O grande vencedor da noite dos prémios Tony, que distinguem o melhor do teatro musical em cena nos EUA, foi The Band’s Visit, sobre uma orquestra egípcia retida em Israel, e os nomes conhecidos premiados foram Andrew Garfield, Harry Potter e a Criança Amaldiçoada e Anjos na América. Mas um dos destaques da noite foi mesmo o palavrão endereçado por Robert DeNiro ao Presidente Donald Trump – “Fuck Trump”, bisou. Os alunos da escola de Parkland, atacada num tiroteio que marcou o debate sobre o controlo do acesso às armas nos EUA este ano, actuaram.

The Band’s Visit recebeu dez Tony, entre os quais o de melhor musical na Broadway e também os prémios de interpretação para os actores Tony Shaloub, Katrina Lenk e Ari'el Stachel. Só perdeu um dos 11 galardões para os quais estava nomeado.  
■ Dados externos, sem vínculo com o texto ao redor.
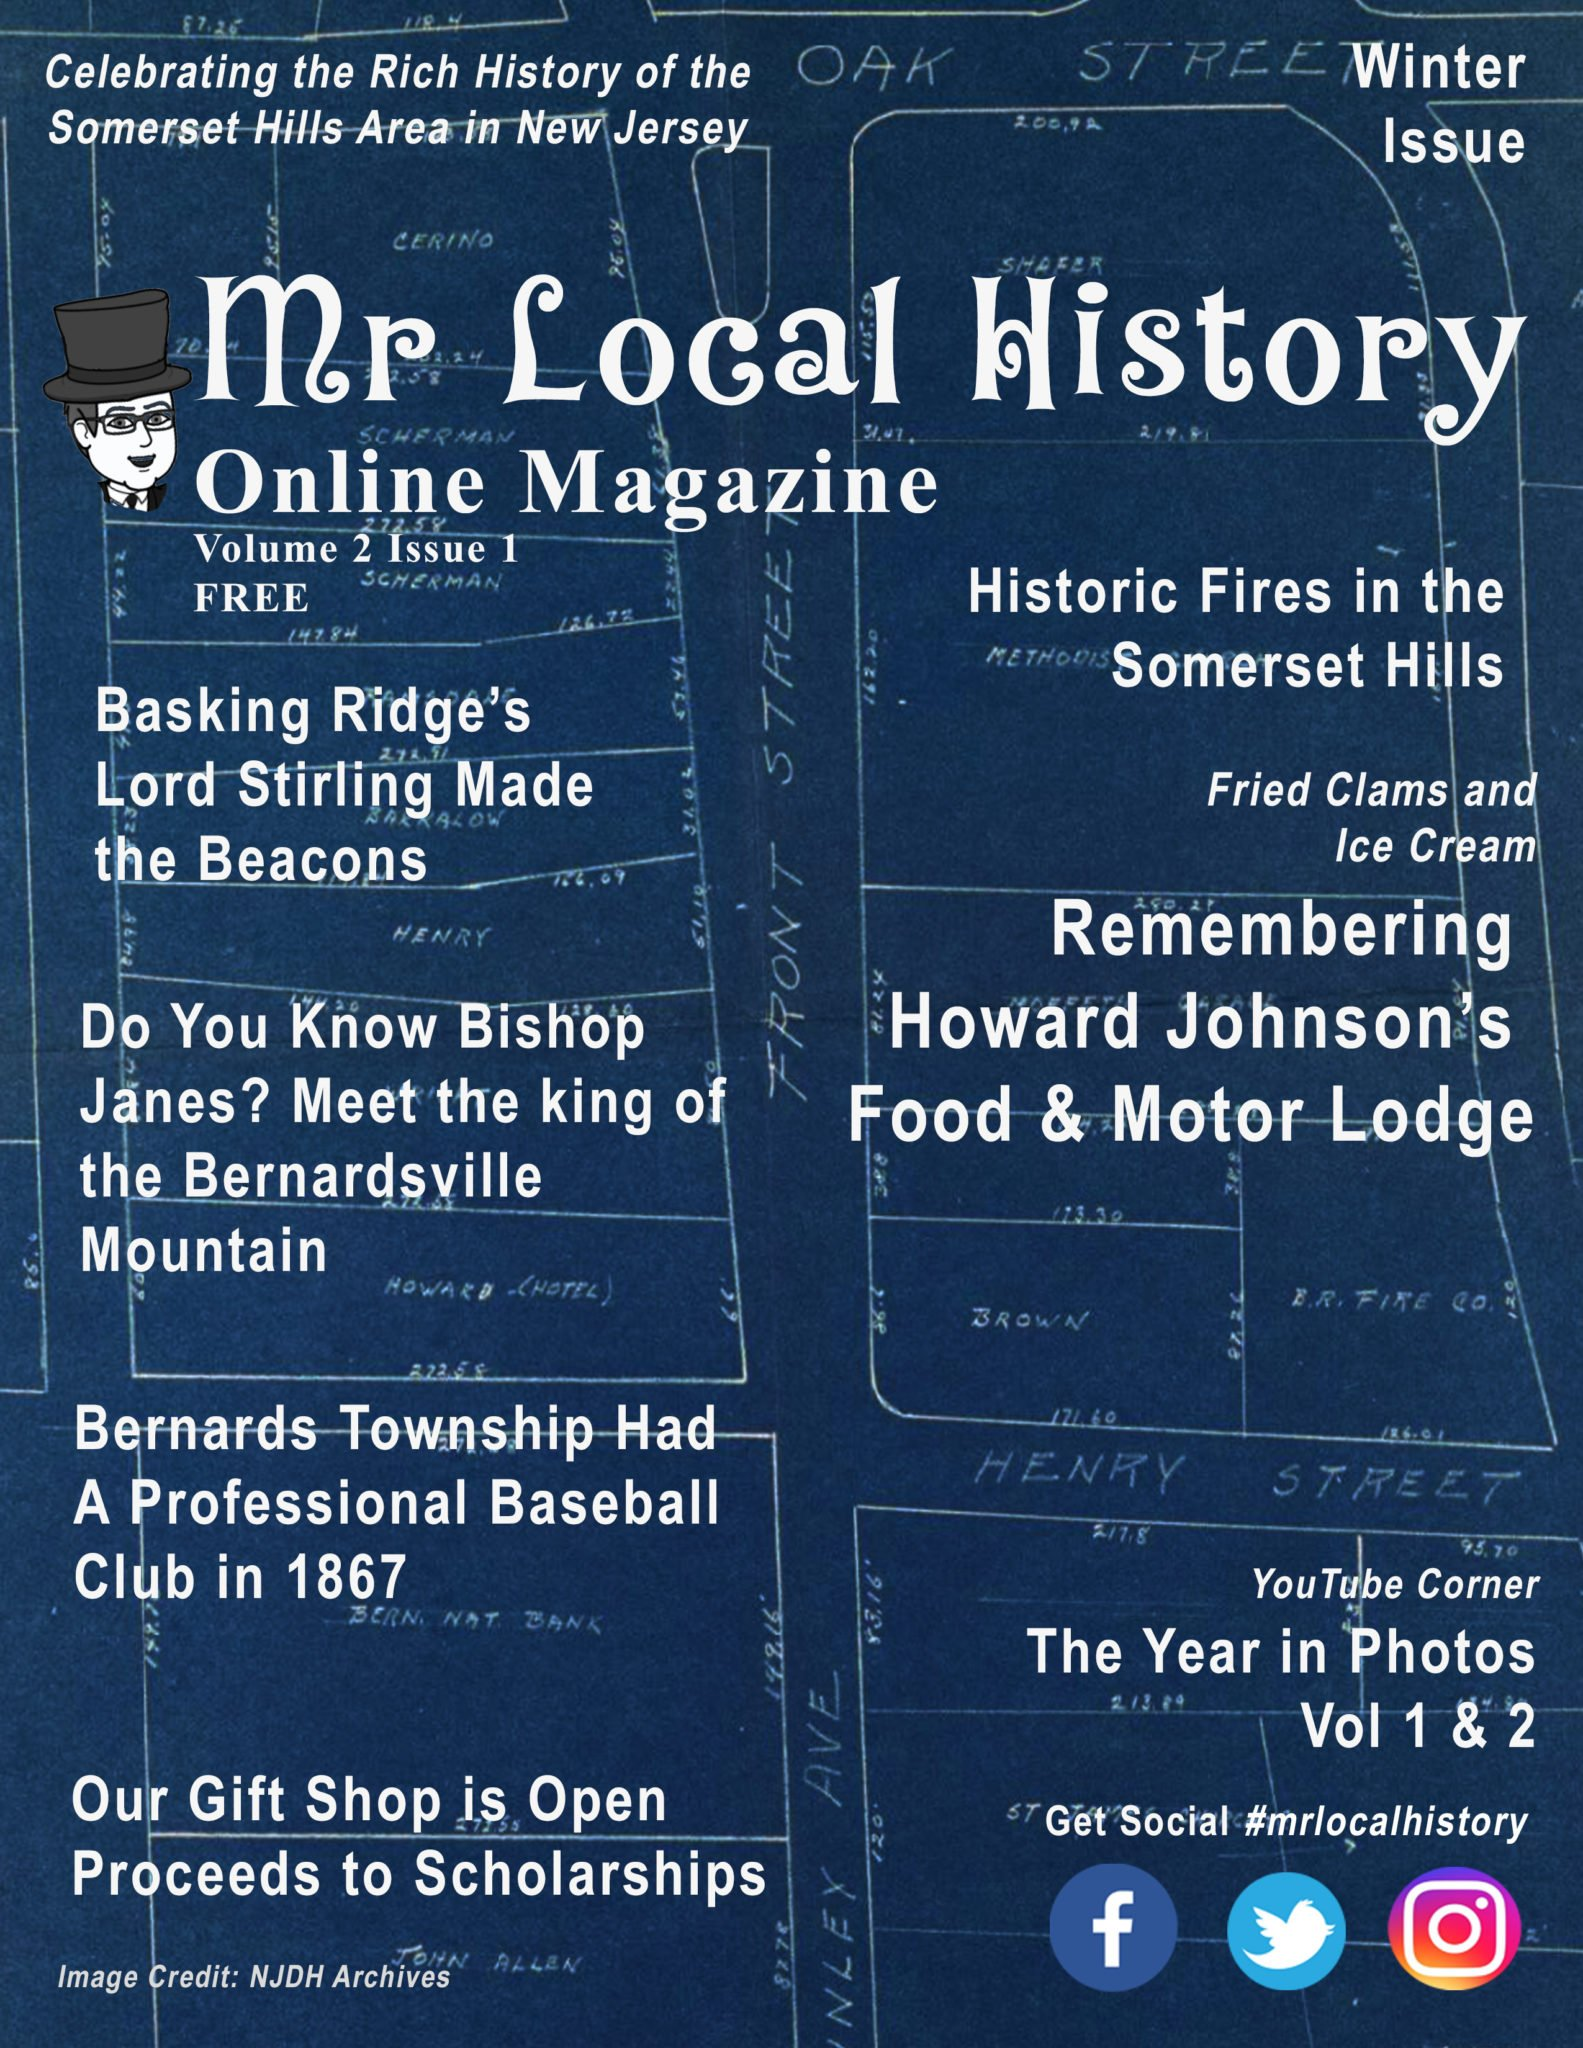 Mr-local-history-magazine-vol2-issue-1

Angels in America, ou Anjos na América em português (a peça esteve parcialmente em Portugal em 1994 e foi adaptada para televisão pela HBO e exibida em Portugal no início dos anos 2000), voltou aos palcos depois da sua estreia em 1993 e o texto de Tony Kushner venceu na altura um prémio Pulitzer e agora o de melhor reposição, tendo também dado galardões de actuação a Andrew Garfield e a Nathan Lane. Os actores dedicaram os seus Tony à comunidade LGBT e a Kushner, cujo texto sobre a epidemia da sida nos anos 1980 e seus efeitos sociais deu origem à peça com mais nomeações da história da Broadway, como assinala o Guardian.

Mas foi o blockbuster Harry Potter e a Criança Amaldiçoada, uma peça que continua a explorar o universo criado por J.K. Rowling em torno de um jovem feiticeiro em Inglaterra, que recebeu o Tony de melhor peça e outros seis galardões. A peça, elogiada pela crítica, bateu recordes de bilheteira nas suas primeiras semanas de exibição nos EUA depois de ter arrecadado milhões de libras no Reino Unido desde Julho de 2016 e de ter recebido nove prémios Laurence Olivier.
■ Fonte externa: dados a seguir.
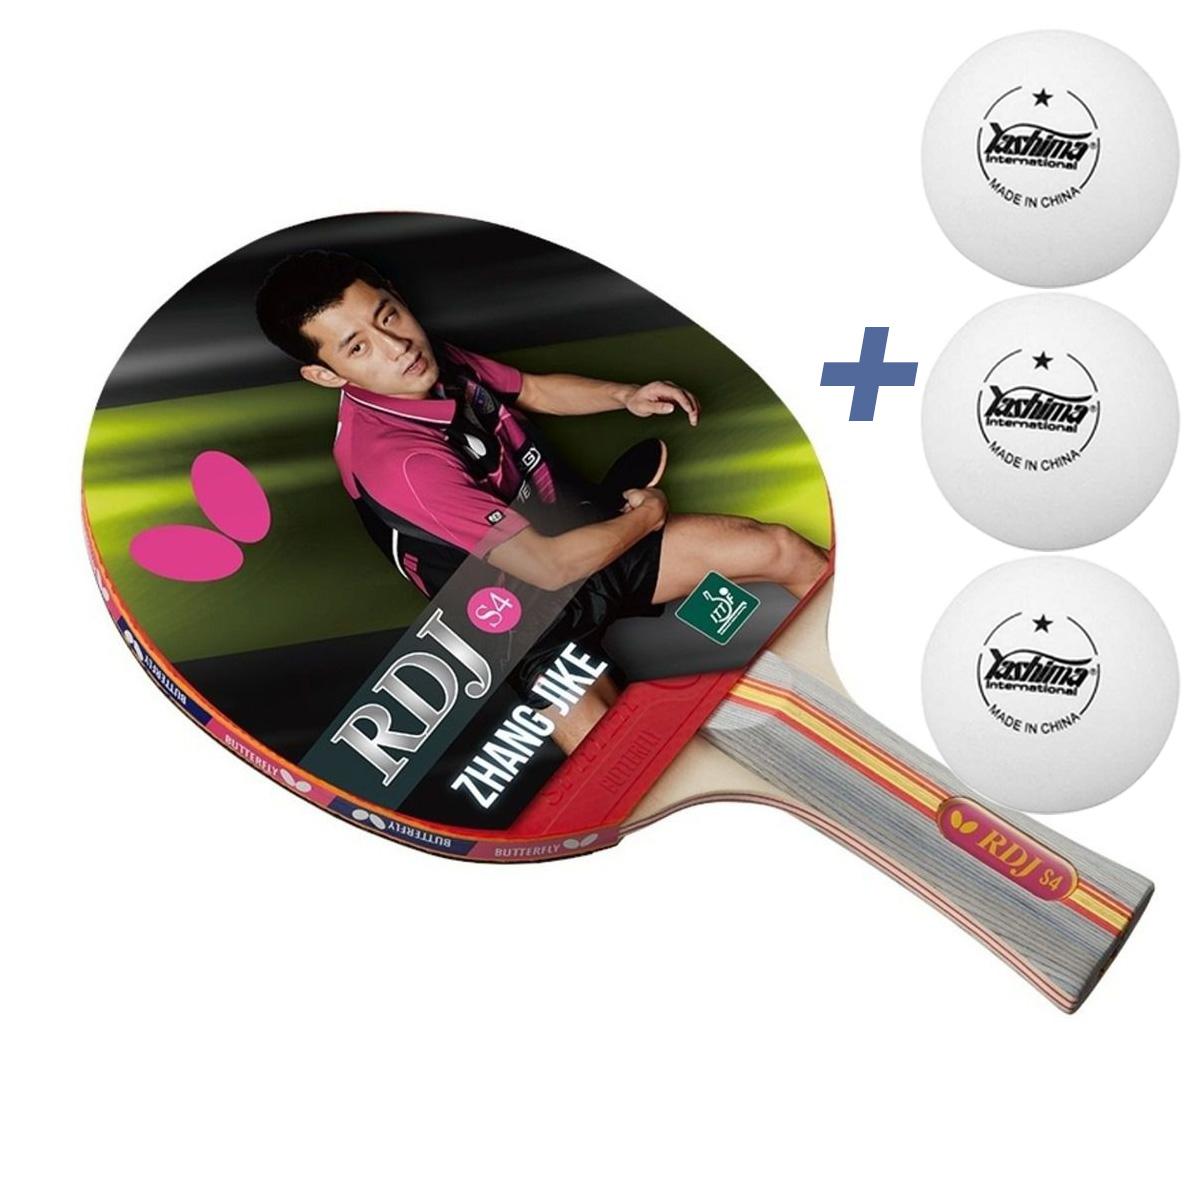 Raquete de tenis de Mesa Butterfly RDJ S4 - Zhang Jike + Brinde 3 Bolinhas  - REAL ESPORTE

Glenda Jackson e Laurie Metcalf foram premiadas pelos seus papéis em Three Tall Women e a revisitação de My Fair Lady foi uma das grandes perdedoras da noite, marcada por um Tony especial a Bruce Springsteen pelo seu espectáculo Springsteen on Broadway, que estará em exibição até Dezembro deste ano. Foi precisamente ao apresentar o “boss” que Robert DeNiro deixou a sua marca na cerimónia que a imprensa descreve como tendo sido entre “muito política” e marcada pela “esperança e contenção”.

Afinal, os discursos sobre a comunidade LGBT, sobre o feminismo (a comediante Amy Schumer enquadrou My Fair Lady como uma peça feminista, por exemplo) ou imigração e a actuação dos alunos da escola Marjory Stoneman Douglas, em Parkland, que interpretaram uma música da peça Rent, tinham pontuado a noite. E Tony Kushner tinha apelado, ao aceitar o seu prémio, ao voto nas iminentes eleições intercalares dos EUA para “salvar a nossa democracia e sarar o nosso país”.
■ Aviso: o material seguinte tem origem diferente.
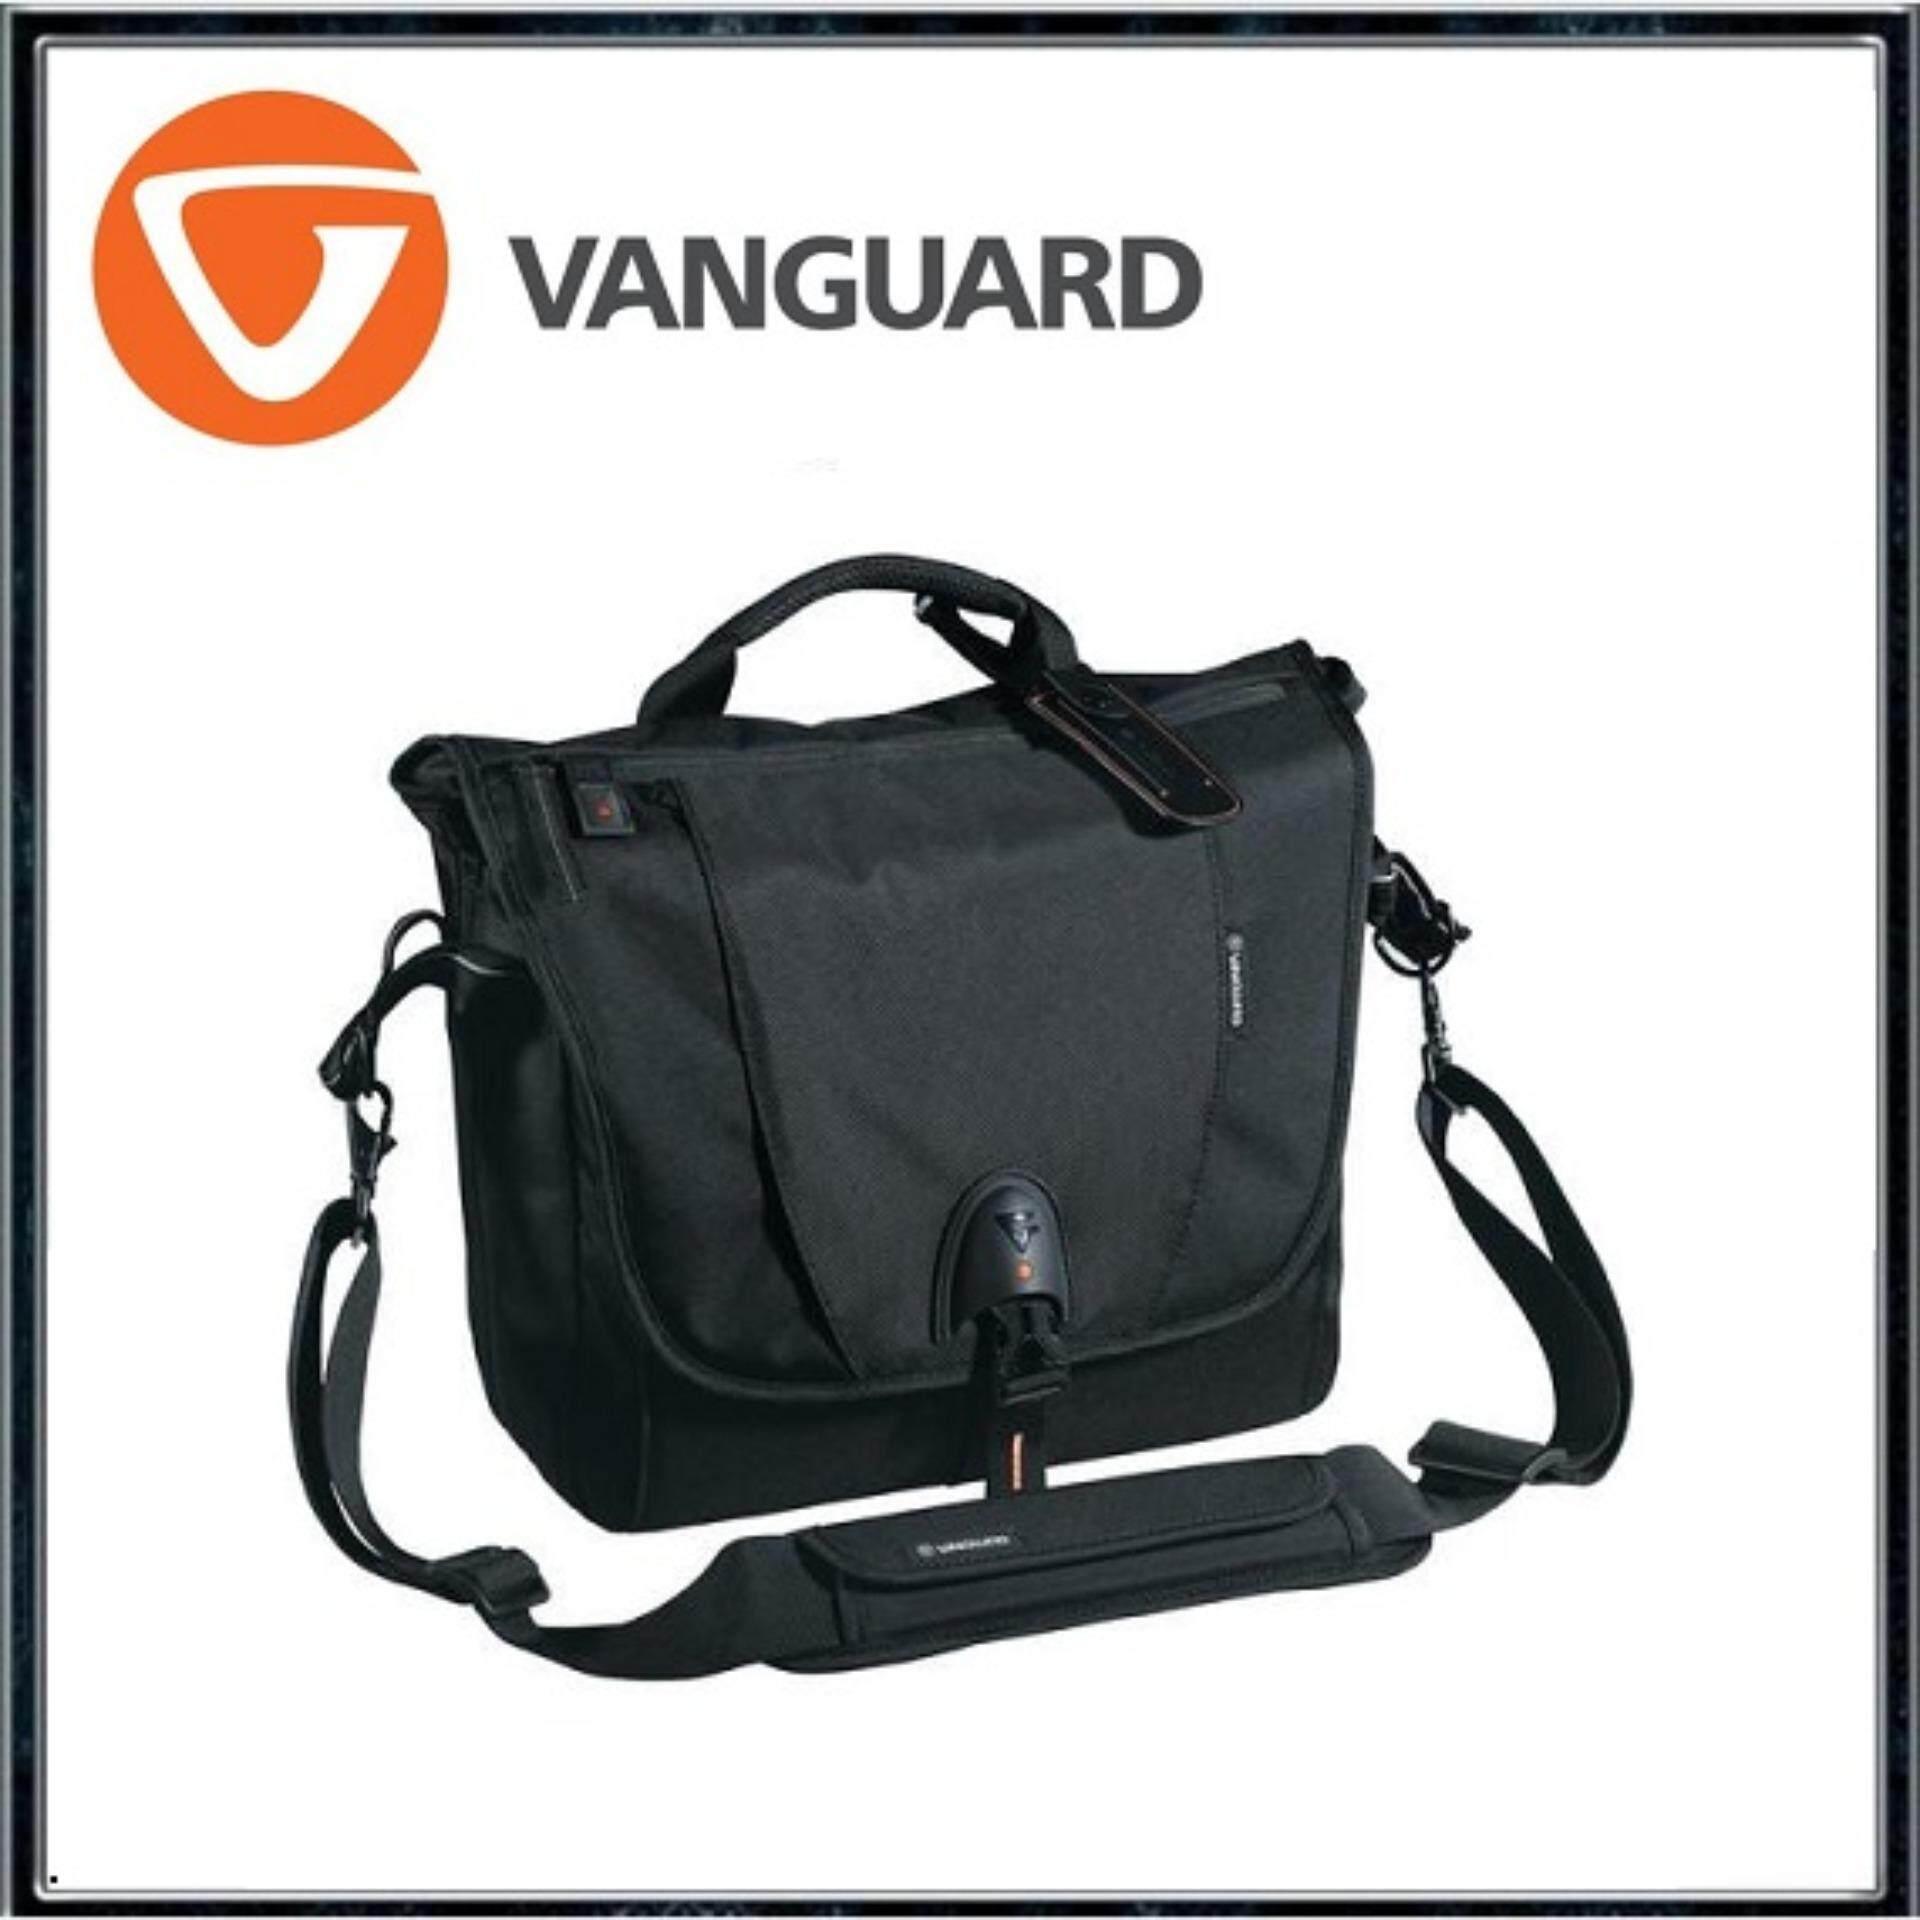 Vanguard UP-RISE 28 Messenger Bag [READY STOCK]

Mas o “touro enraivecido” obrigou os censores do canal CBS a exercer os seus poderes e a deixar em silêncio na transmissão televisiva o momento em que DeNiro gerava uma ovação no Radio City Music Hall. De punhos erguidos, disse “Fuck Trump”. Foi recebido com risos e aplausos. “Já não é ‘abaixo Trump’, é ‘que se foda Trump’”. E com Springsteen prestes a interpretar My hometown apelou: “Bruce, tu abalas a sala como ninguém. E mais importante ainda nestes tempos perigosos, abalas o voto. Sempre a lutar, usando as tuas próprias palavras, pela verdade, transparência, integridade na governação. E bem precisamos disso agora”.

Robert DeNiro é uma conhecida voz anti-Trump e já tinha justificado no passado recente que considera que “a América está a ser gerida por um louco que não reconheceria a verdade nem que ela viesse dentro de um balde do seu amado frango frito”.